### Required action
Every line of the material is to be quoted verbatim, minus the pictures.

### Dataset extract

======

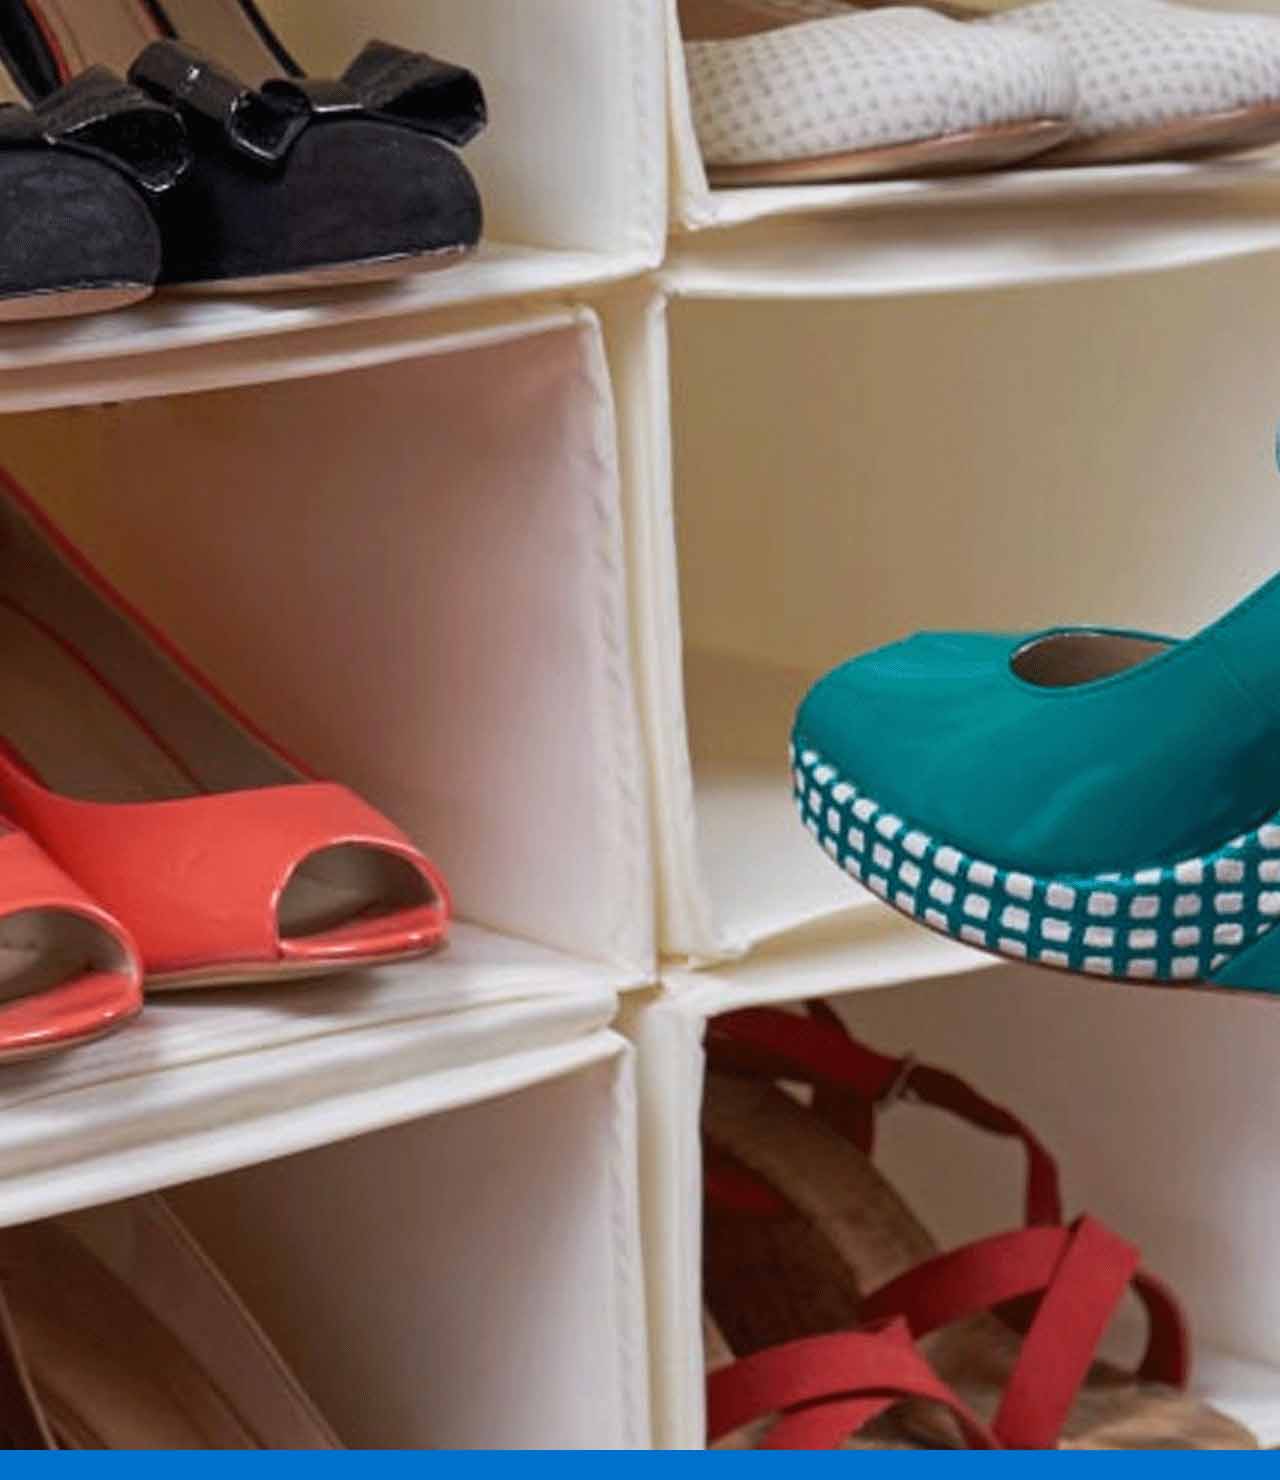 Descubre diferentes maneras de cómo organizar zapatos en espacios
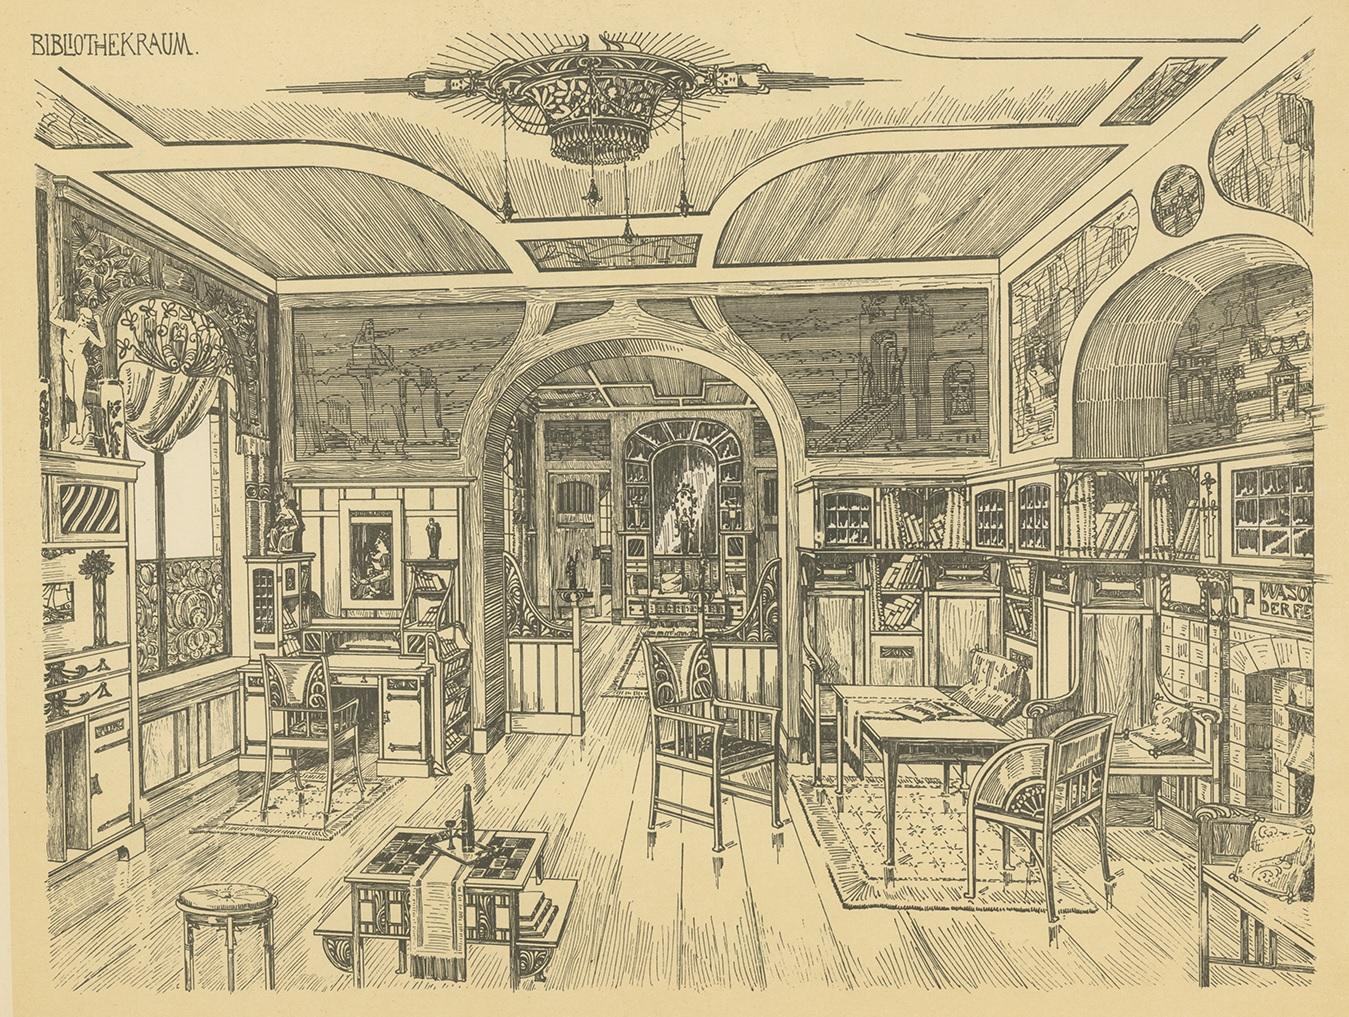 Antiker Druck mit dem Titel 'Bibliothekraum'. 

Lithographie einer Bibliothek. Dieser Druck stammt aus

======

### Output
 Descubre diferentes maneras de cómo organizar zapatos en espacios
 Antiker Druck mit dem Titel 'Bibliothekraum'. 

Lithographie einer Bibliothek. Dieser Druck stammt aus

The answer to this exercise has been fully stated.